The former Military Intelligence investigator known only as Capt. George.
Military Intelligence investigator says Defense Ministry endangered him by leaking his identity and depicting him as a 'despicable sex offender.
A senior Military Intelligence investigator who has been accused of abusing suspects is suing the Defense Ministry for NIS 5.5 million. The investigator is accusing the ministry of turning him into a scapegoat after Lebanese militia operative Mustafa Dirani accused his Israeli interrogators of torturing and raping him.
The chief investigator in that case, who has been identified publicly only as Capt. George, also says the Defense Ministry endangered him by leaking his identity and depicting him as a "despicable sex offender.
Capt. George conducted most of the questioning of Dirani, who Israeli troops captured from his Lebanon home in 1994. Dirani was brought to Israel for interrogation and used as a bargaining chip aimed at securing the release of missing Israel Air Force navigator Ron Arad, whose plane went down over Lebanon in 1986.
Dirani is suspected of having taken Arad captive while serving as the security chief of the Shi'ite militia, Amal.
In 2000, Dirani sued Israel for damages, charging that he was tortured and raped during the interrogation, after a former colleague of Capt. George's told Dirani's Israeli lawyer that the investigator was "brutal" and that he had witnessed him inserting a baton into a suspect's rectum.
"I saw this with my own eyes," the colleague, a colonel in the reserves, told attorney Zvi Rish in 1999. "When he put [the baton] into the rectum of a detainee and told him, 'Go ahead, sit on it.' He said, 'Go ahead, sit on the baton, and if you don't talk, it will go in.' That's what I saw."
The colonel was questioned under caution by the Israel Police in 2007 and retracted some of the allegations.
Capt. George, who served at the time as an officer at Military Intelligence Unit 504 and is now the Arab affairs adviser to the Jerusalem police, questioned Dirani for several weeks. He said he had followed the regulations and his commanders' directives, but that he had been expelled from the Israel Defense Forces after being accused of violating the law during the interrogation. He also said the army was concealing evidence that would prove his innocence.
Capt. George, who is represented by attorney Ephraim Nave, is also suing for NIS 600,000 to fund the security he said he needs now that he has been identified as the chief investigator in the Dirani interrogation.
After an internal military investigation, the military prosecution wrote an opinion indicating that Capt.

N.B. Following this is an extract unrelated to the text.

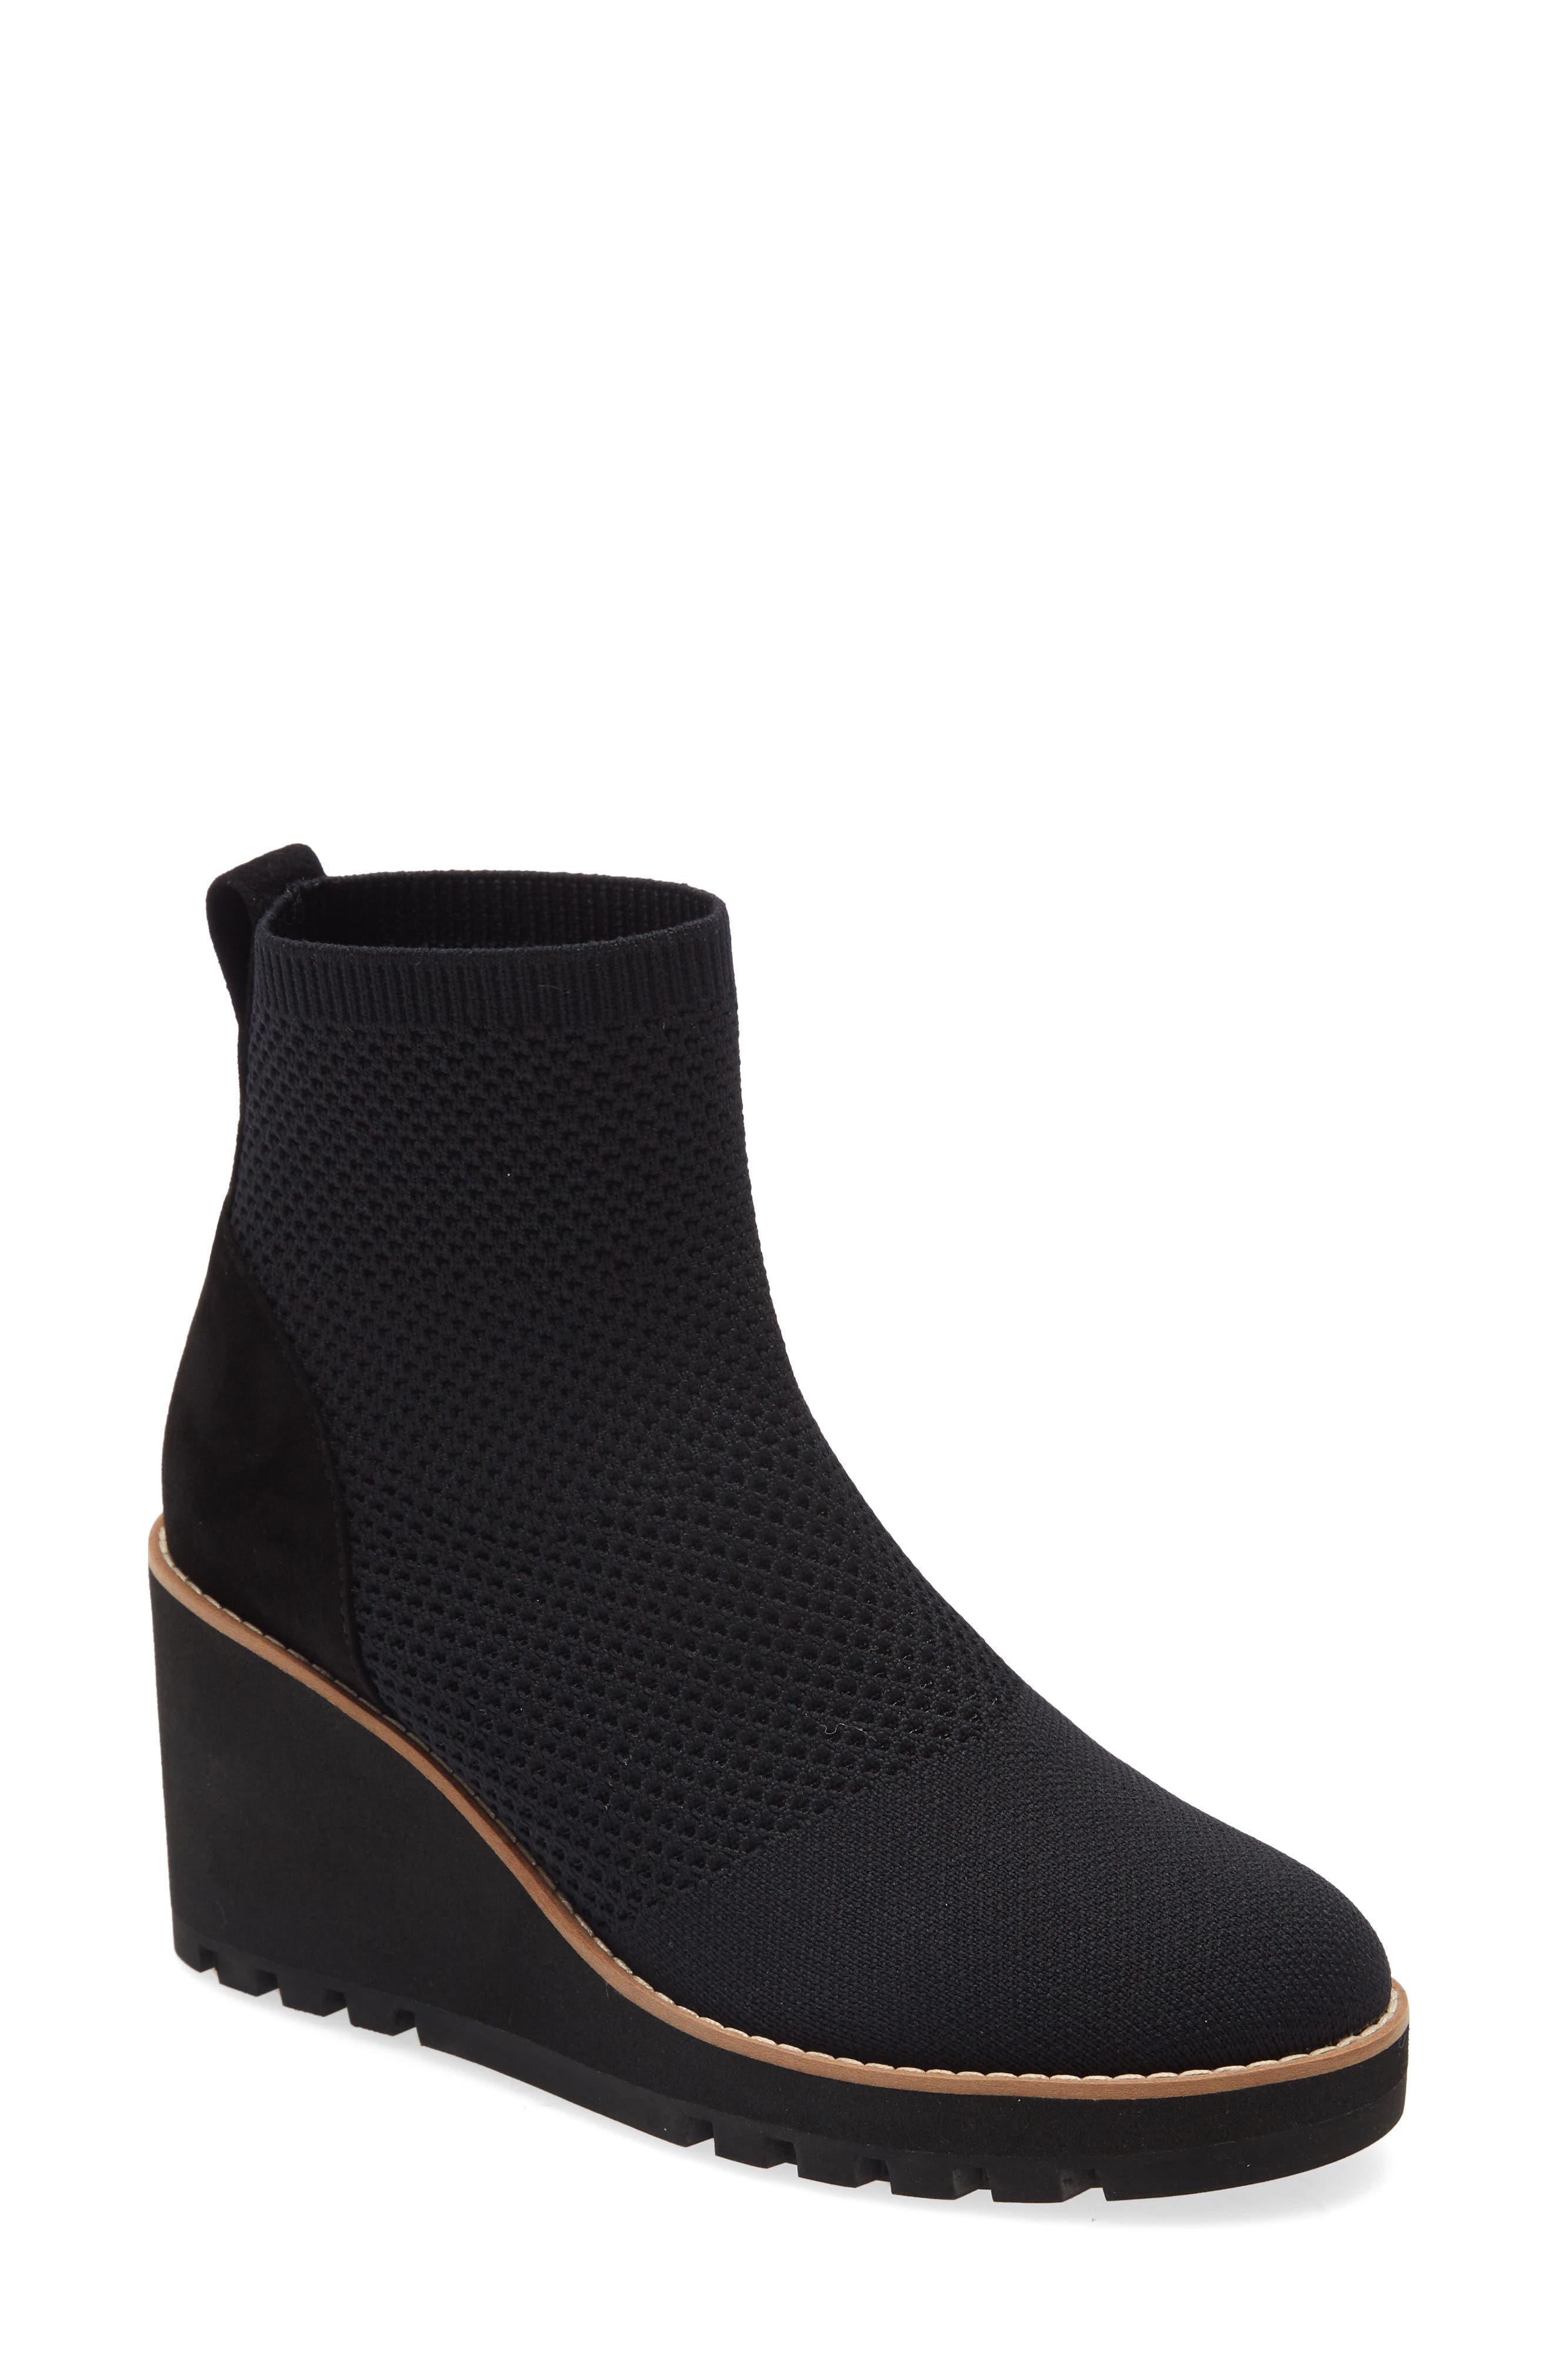 Women's Eileen Fisher Shoes   Nordstrom

George committed a serious criminal offense involving moral turpitude. He said he was later told that he was accused of extortion through the use of threats during the initial days of the Dirani interrogation.
As a result, he charged, the army decided not to keep him on and treated him as a scapegoat.
Capt. George also said the army was hiding a videotape from Dirani's interrogation showing that it was the unit commander who had interrogated Dirani while the militia operative was naked.
"That's the tape that shows that the person who pressured Dirani while he was naked was the commander of the unit and not Capt. George," the lawsuit states.
The colonel who worked with Capt. George in Unit 504 said the investigator regularly entered interrogation rooms with a baton, hit the suspect and threatened to insert it into his rectum if he lied or refused to talk. He said in one interrogation, he witnessed Capt. George stripping a suspect naked, forcing him to drink tea or coffee from a used ashtray, and shoving either shaving cream or toothpaste into the suspect's mouth.
"I was dumbfounded," the colonel said. "I would be sitting in a room and observing, and he would walk into the interrogation with brutality, dump the suspect off the bench, stomp on him, kick him, threaten him that he will [expletive] him, and if not him, then others will [expletive] him and rape him."
The colonel said the inmates were scared of Capt. George.
"He was always brutal," he said. "And I know that the detainees were scared, scared, scared of him."
An associate of Capt. George's has denied all the colonel's allegations.
"The claim was submitted yesterday to the offices of the Tel Aviv District Prosecution," said a response from the Defense Ministry. "The response of the state will be forthcoming following a review and examination of all the claims raised in the law suit.